Before beginning this exercise, or any other, he recommends getting comfortable and taking several deep breaths to relax and get centered in the body. This exercise may be done as a journal entry or as a meditation that you later record some notes on.
To Feel Loved Is to BE LoveI'd love for anyone who does this exercise to share their experiences in the comments section. Welwood doesn't talk about integral relationships, although he has appeared on Integral Naked, but I think that the ability to feel love as something sourced in ourselves might be a criteria for being integral in relationships.
This exercise will help you explore how being loved allows the window of the heart to open, so that you can experience love as something within you, rather than something that someone hands over to you.
1. Think of someone in your life who loves you – a lover, spouse, friend, or family member.
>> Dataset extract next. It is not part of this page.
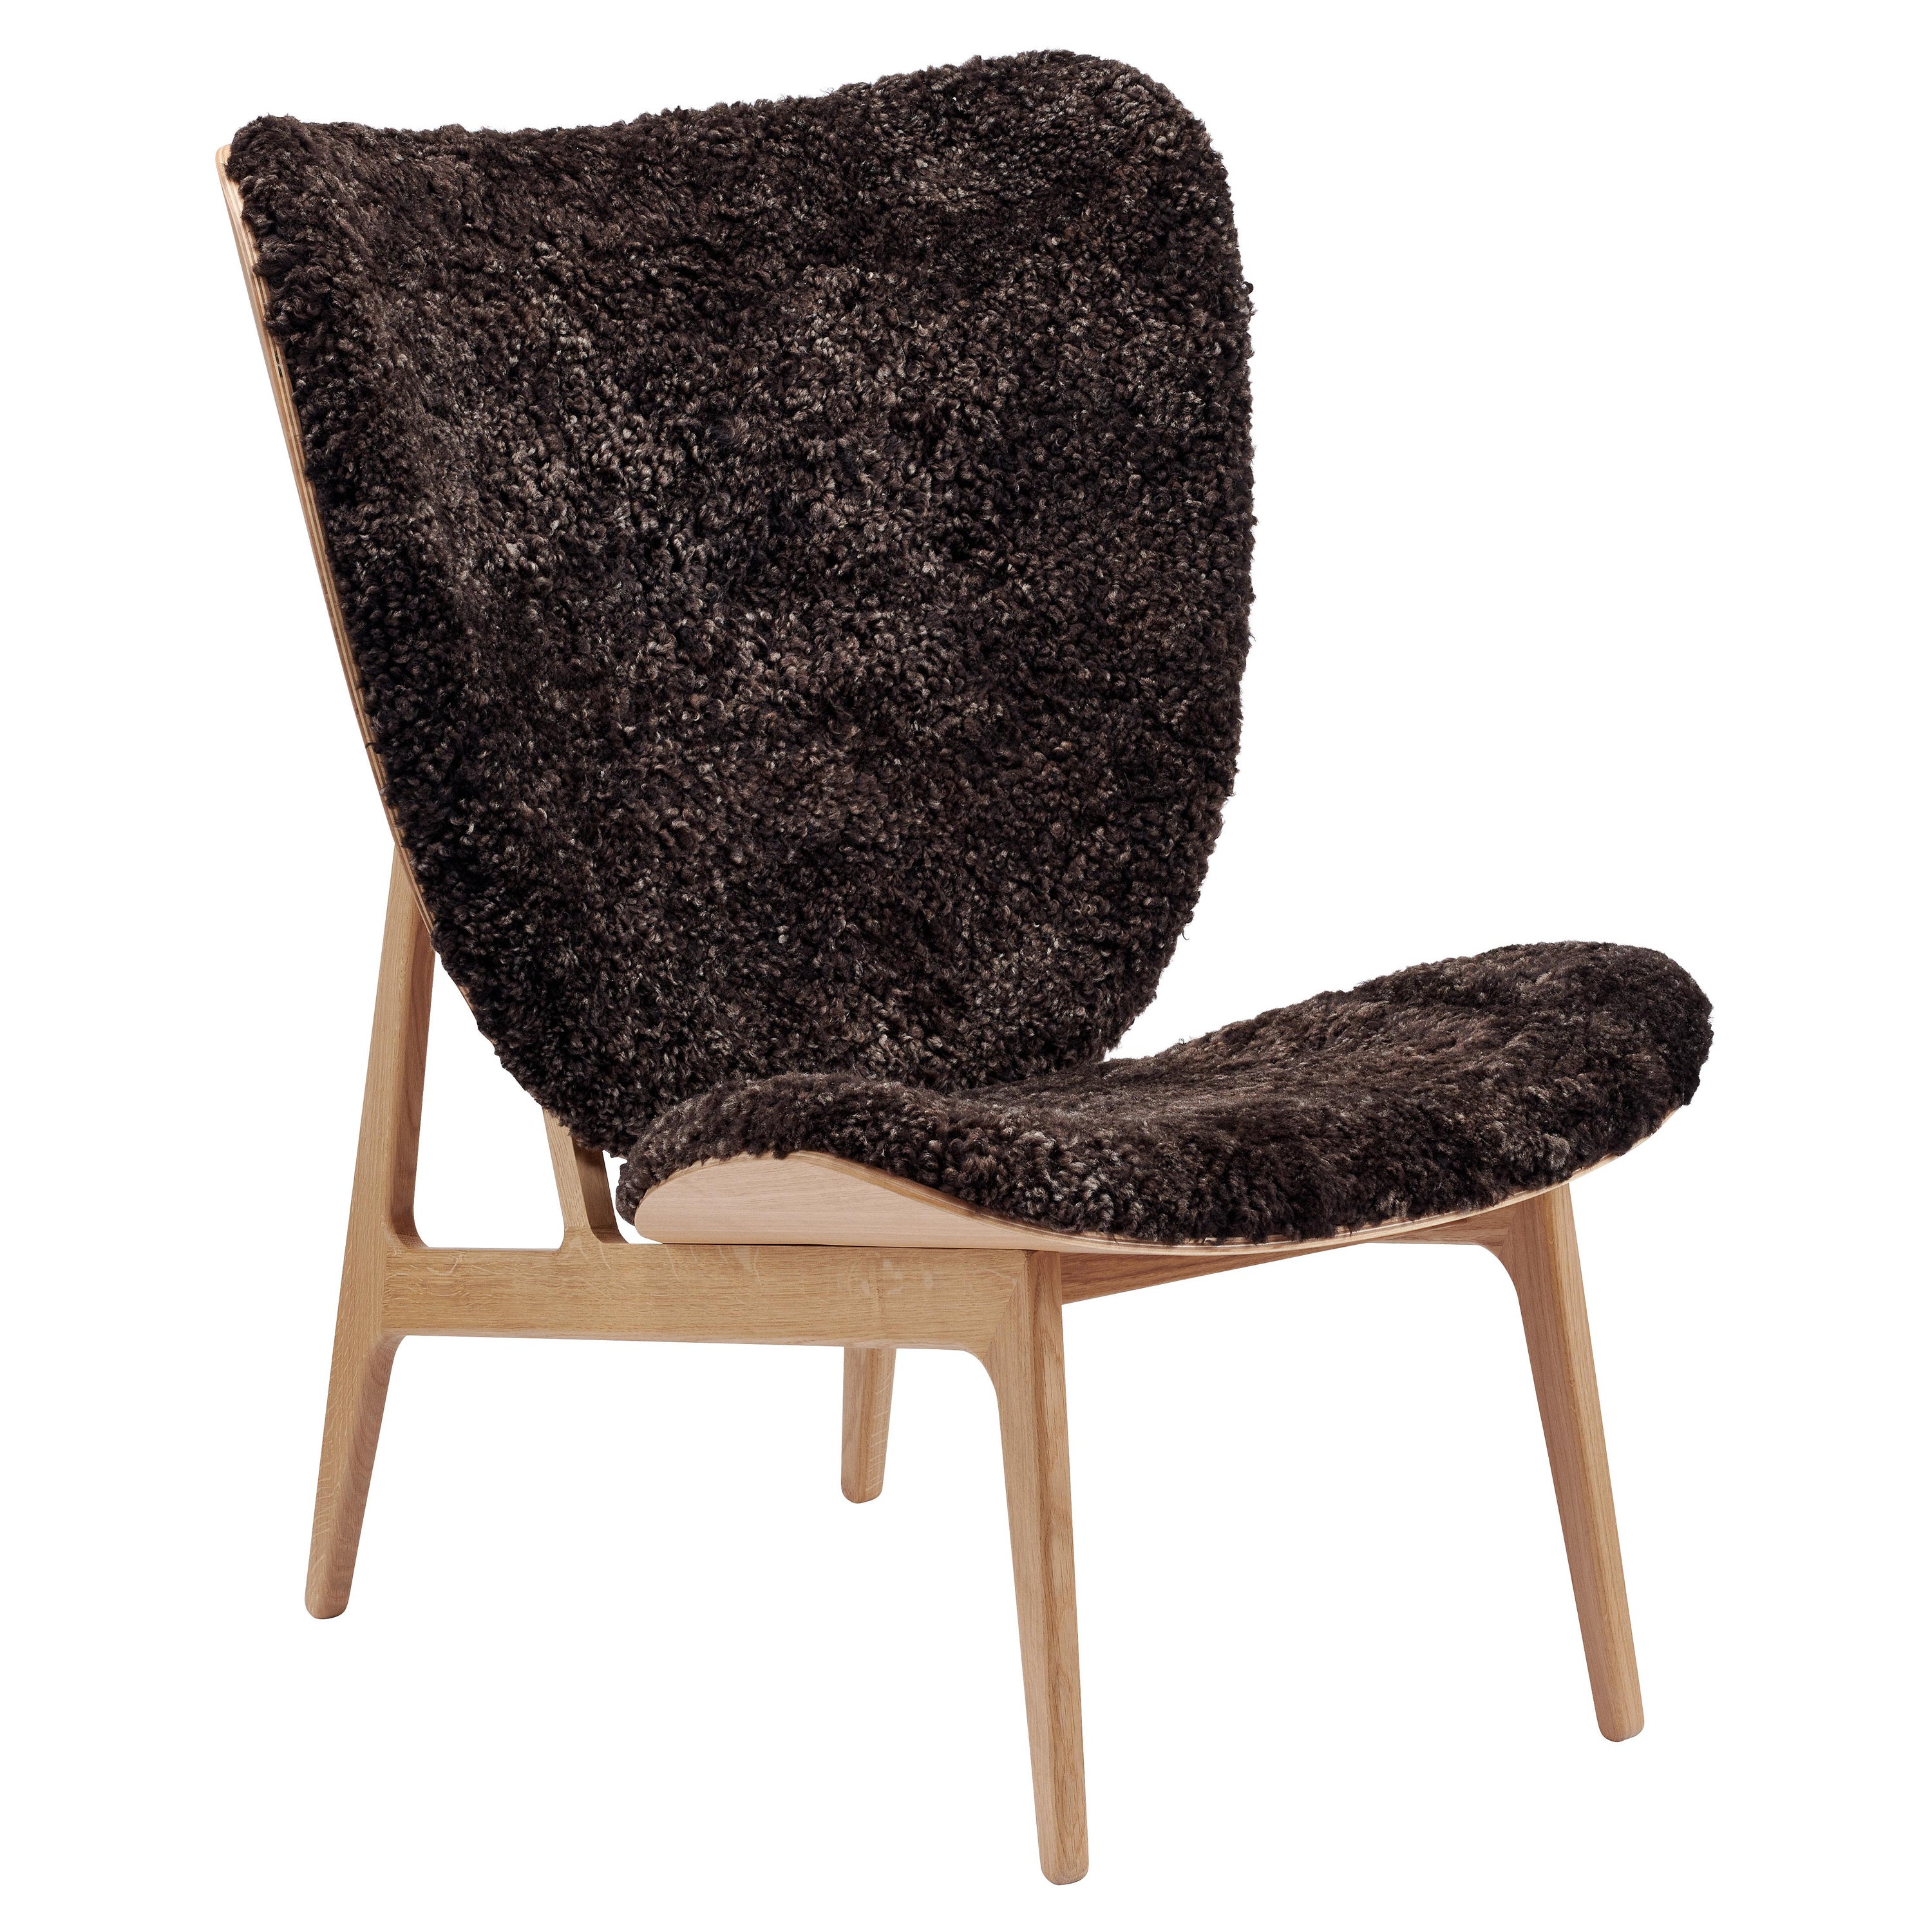 Chaise longue en bois "Elephant" de Norr11, chêne naturel, peau de mouton en vente
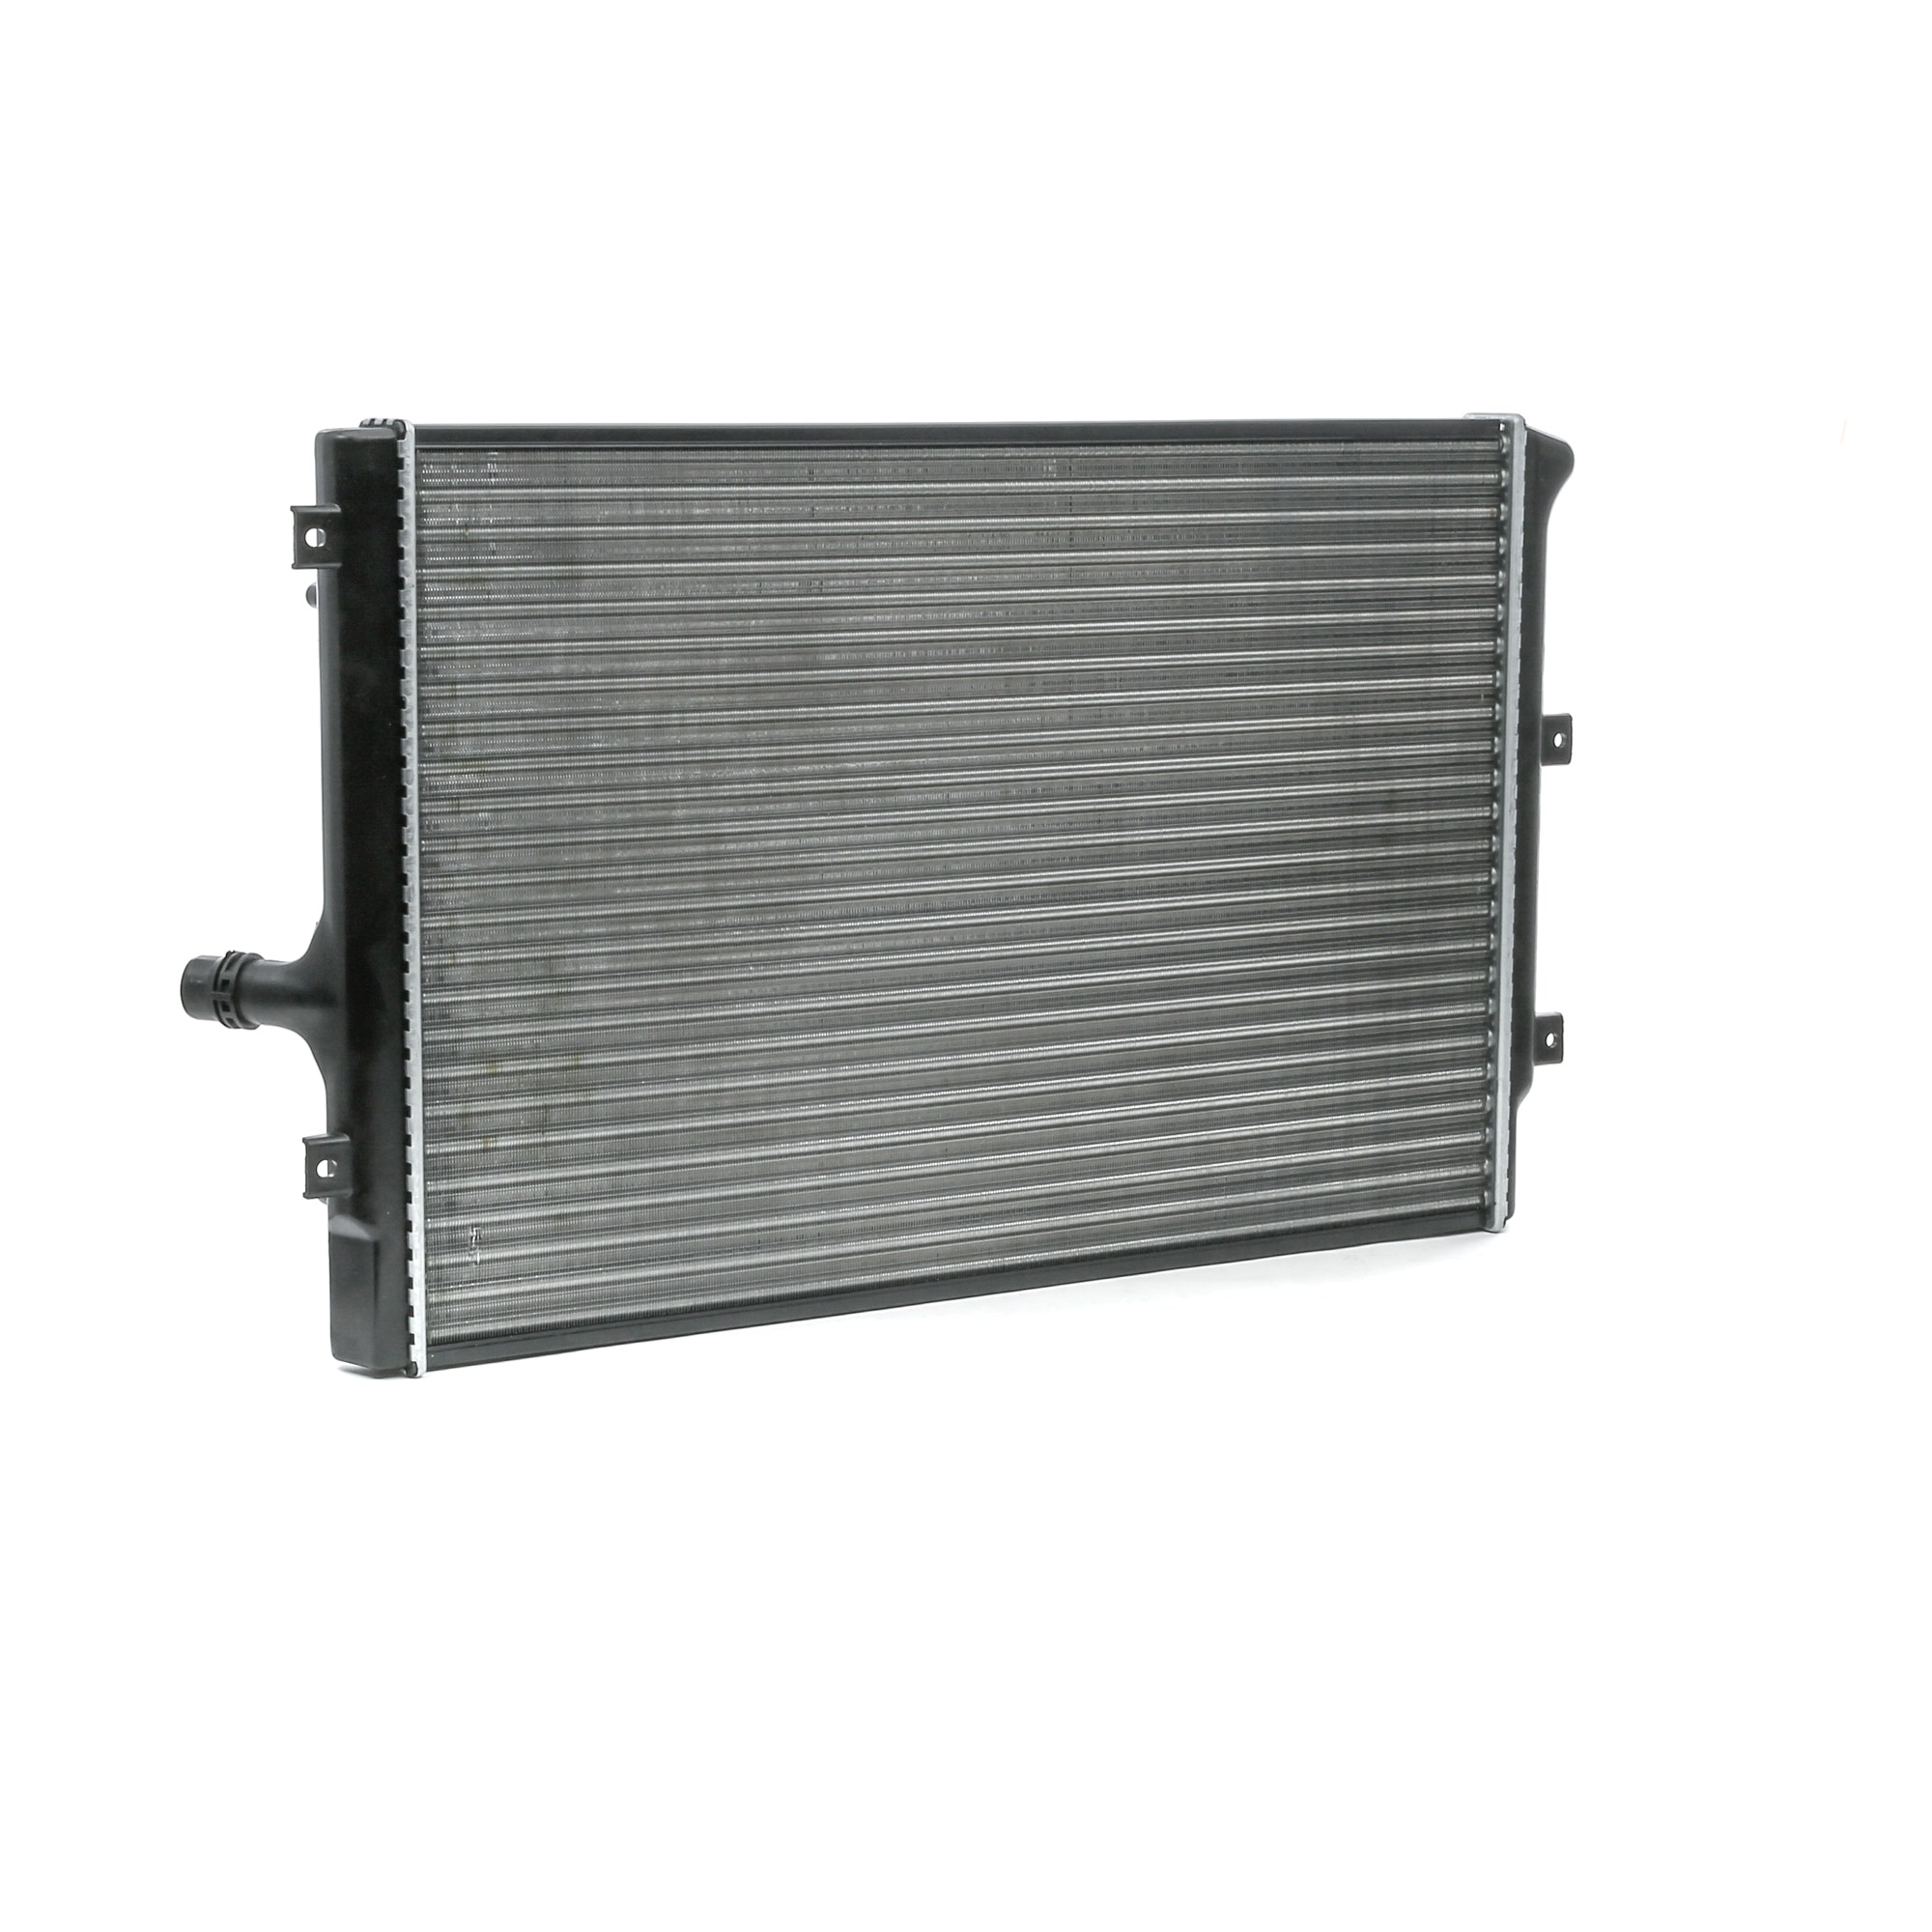 MAXGEAR AC221021 Engine radiator Aluminium, 440, 454,3 x 647, 454,3 x 32, 34 mm, Brazed cooling fins

Let yourself feel this person's love and caring for you.
2. Notice how you associate this good feeling with the other person, and how you tend to see the other person as the cause or source of it.
3. Now let go of thinking about the other person and pay attention to what happens in your body when you feel loved. Pay particular attention to the heart center, the area at the center of your chest. See if you can recognize the warmth or fullness in your heart as your own experience, as something that arises from within you, as something that is yours.
4. How does it feel to recognize that?